▶ _Task to carry out_
Repeat each entry exactly, but do not carry over the pictures.

▬▬▬

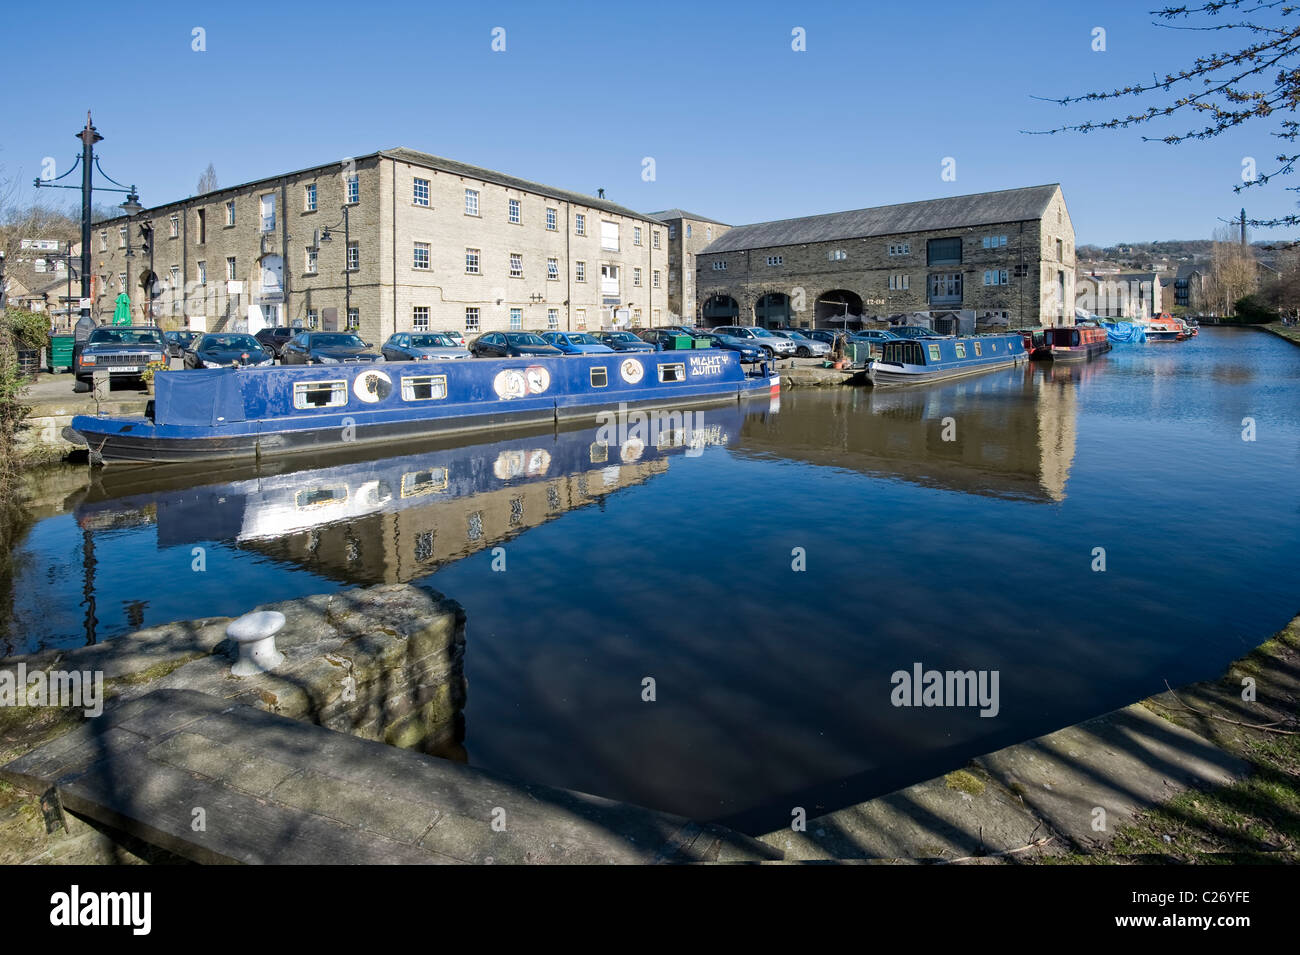 Canal boats in springtime on the rochdale canal at moorings at sowerby bridge basin nr halifax, calderdale. Stock Photo
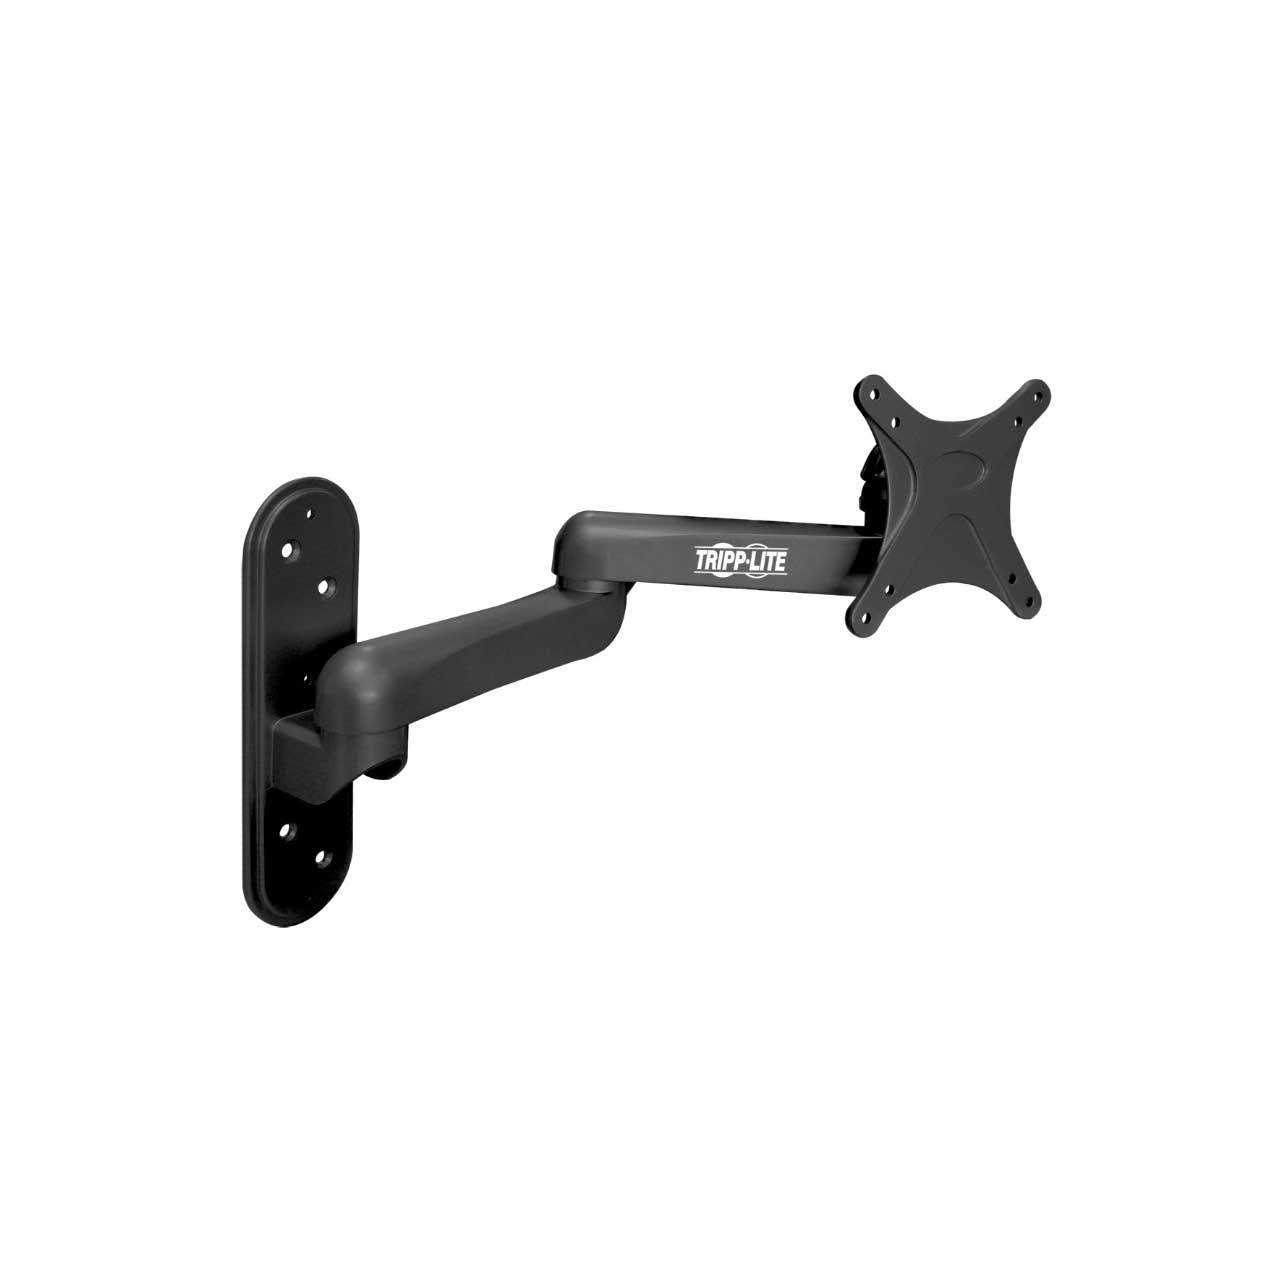 Tripp Lite DWM1327SE Swivel/Tilt Wall Mount for 13 Inch to 27 Inch TVs and  Monitors
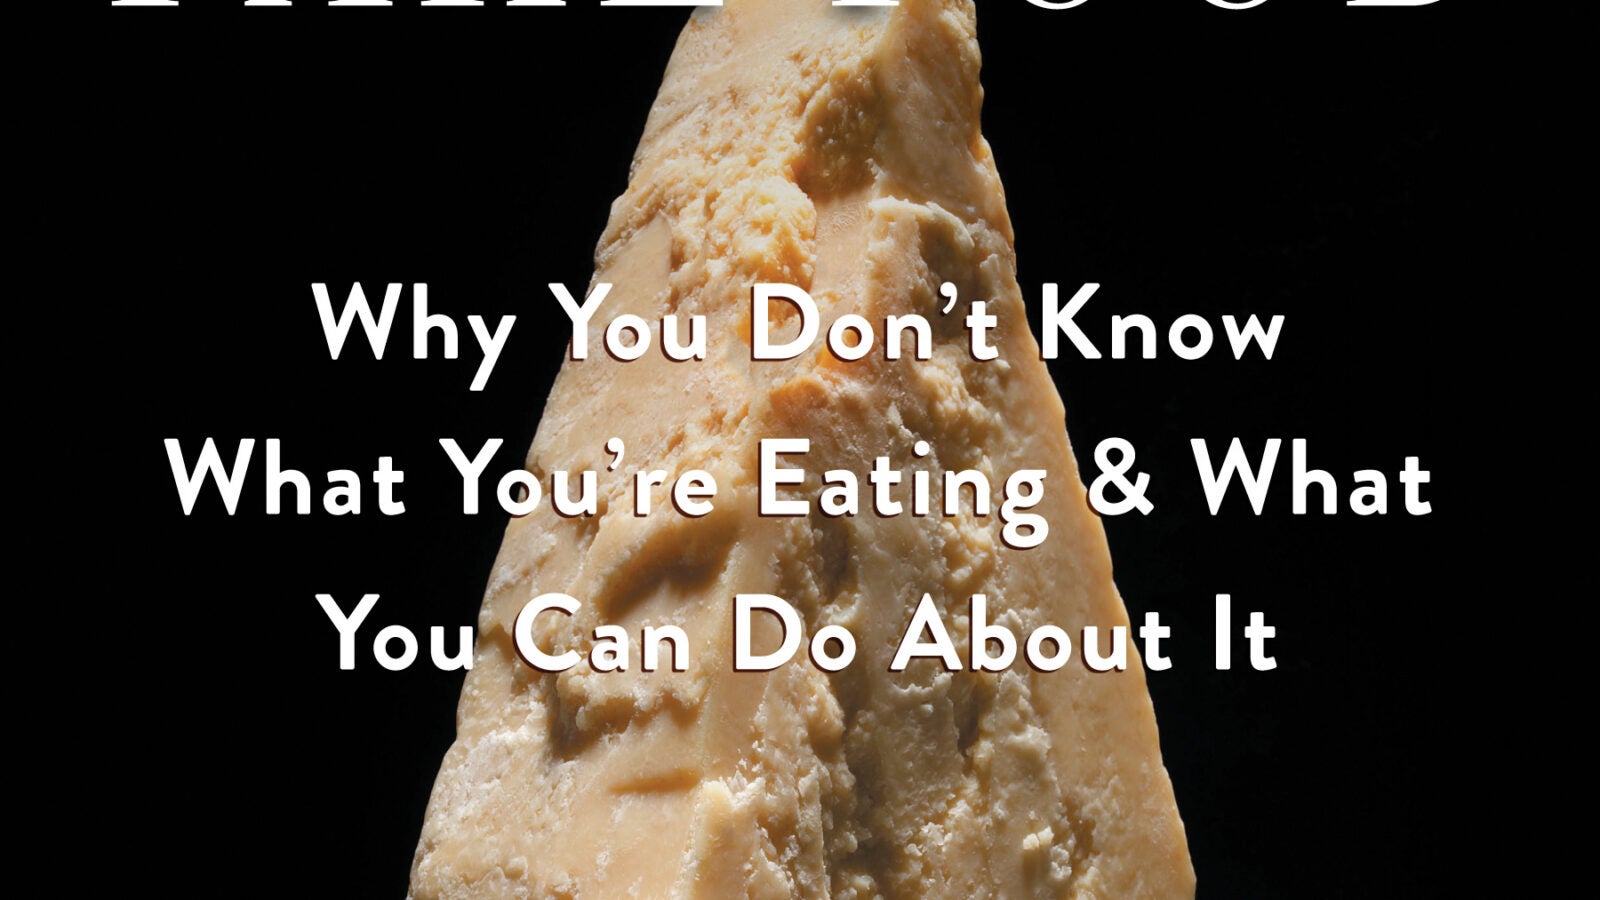 Real Food/Fake Food: Why You Don’t Know What You’re Eating & What You Can Do About It book cover
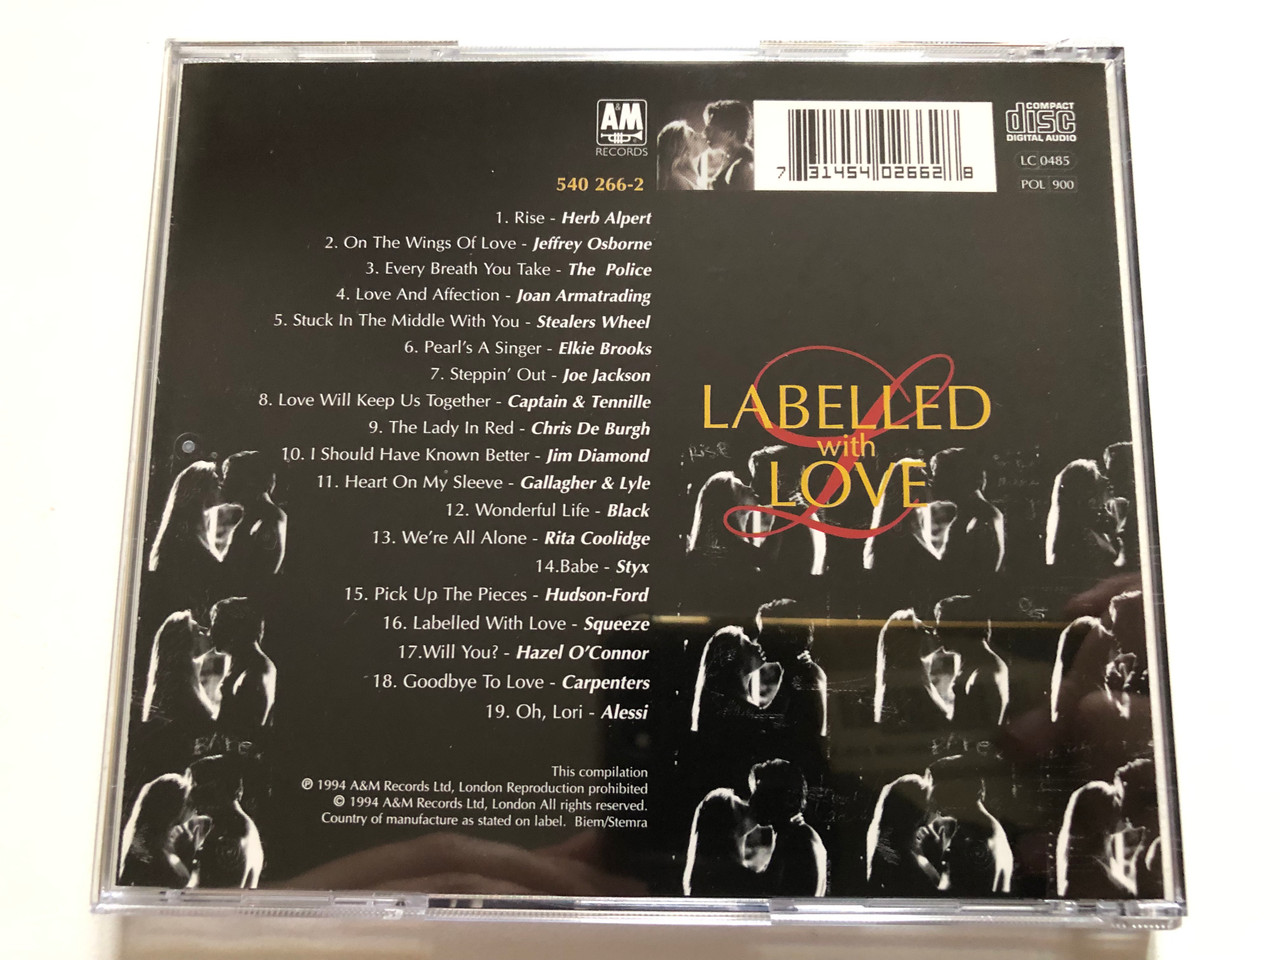 https://cdn10.bigcommerce.com/s-62bdpkt7pb/products/0/images/310539/Labelled_With_Love_-_19_Sensual_Love_Songs_AM_Records_Audio_CD_1994_540_266_2_2__44093.1699382347.1280.1280.JPG?c=2
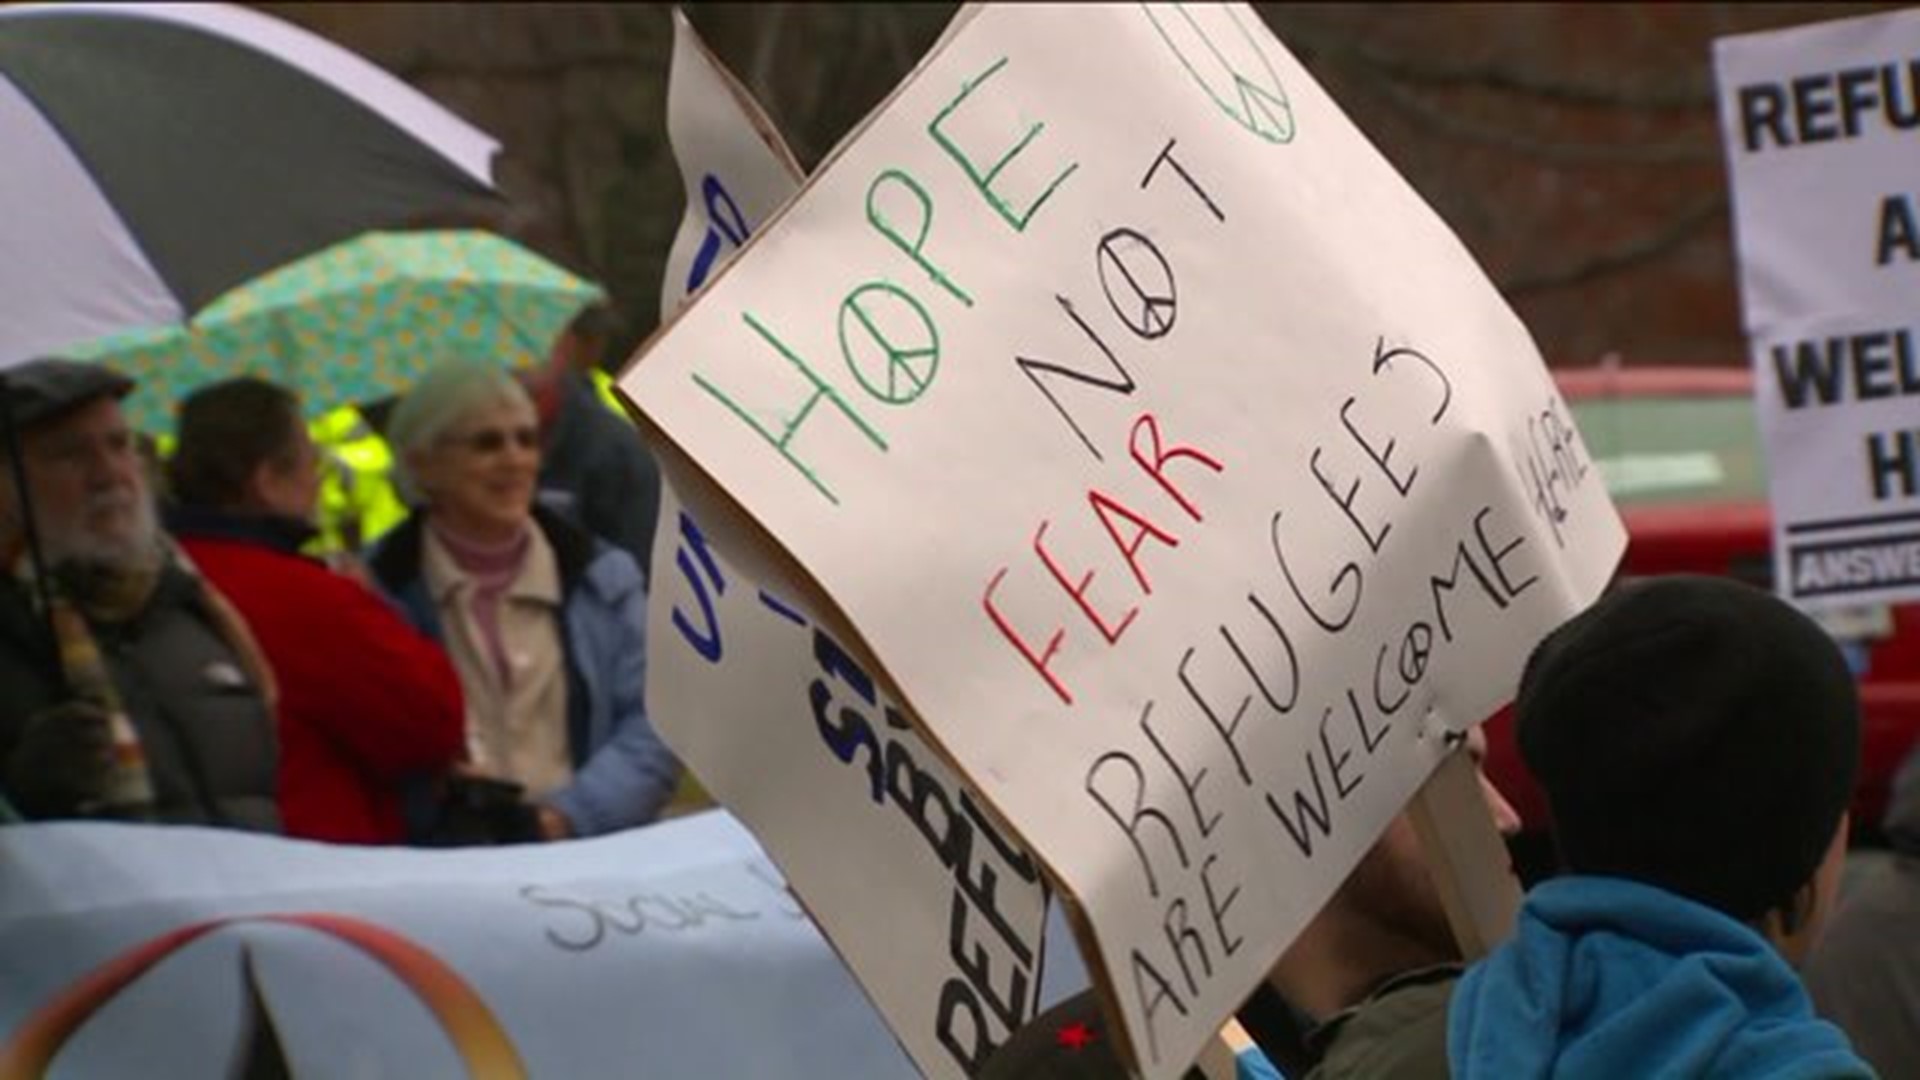 Rallies on Syrian refugees held in Hartford

▬▬▬

▶ _Answer for the task_
 Canal boats in springtime on the rochdale canal at moorings at sowerby bridge basin nr halifax, calderdale. Stock Photo
 Tripp Lite DWM1327SE Swivel/Tilt Wall Mount for 13 Inch to 27 Inch TVs and  Monitors
 Real Food/Fake Food: Why You Don’t Know What You’re Eating & What You Can Do About It book cover
 https://cdn10.bigcommerce.com/s-62bdpkt7pb/products/0/images/310539/Labelled_With_Love_-_19_Sensual_Love_Songs_AM_Records_Audio_CD_1994_540_266_2_2__44093.1699382347.1280.1280.JPG?c=2
 Rallies on Syrian refugees held in Hartford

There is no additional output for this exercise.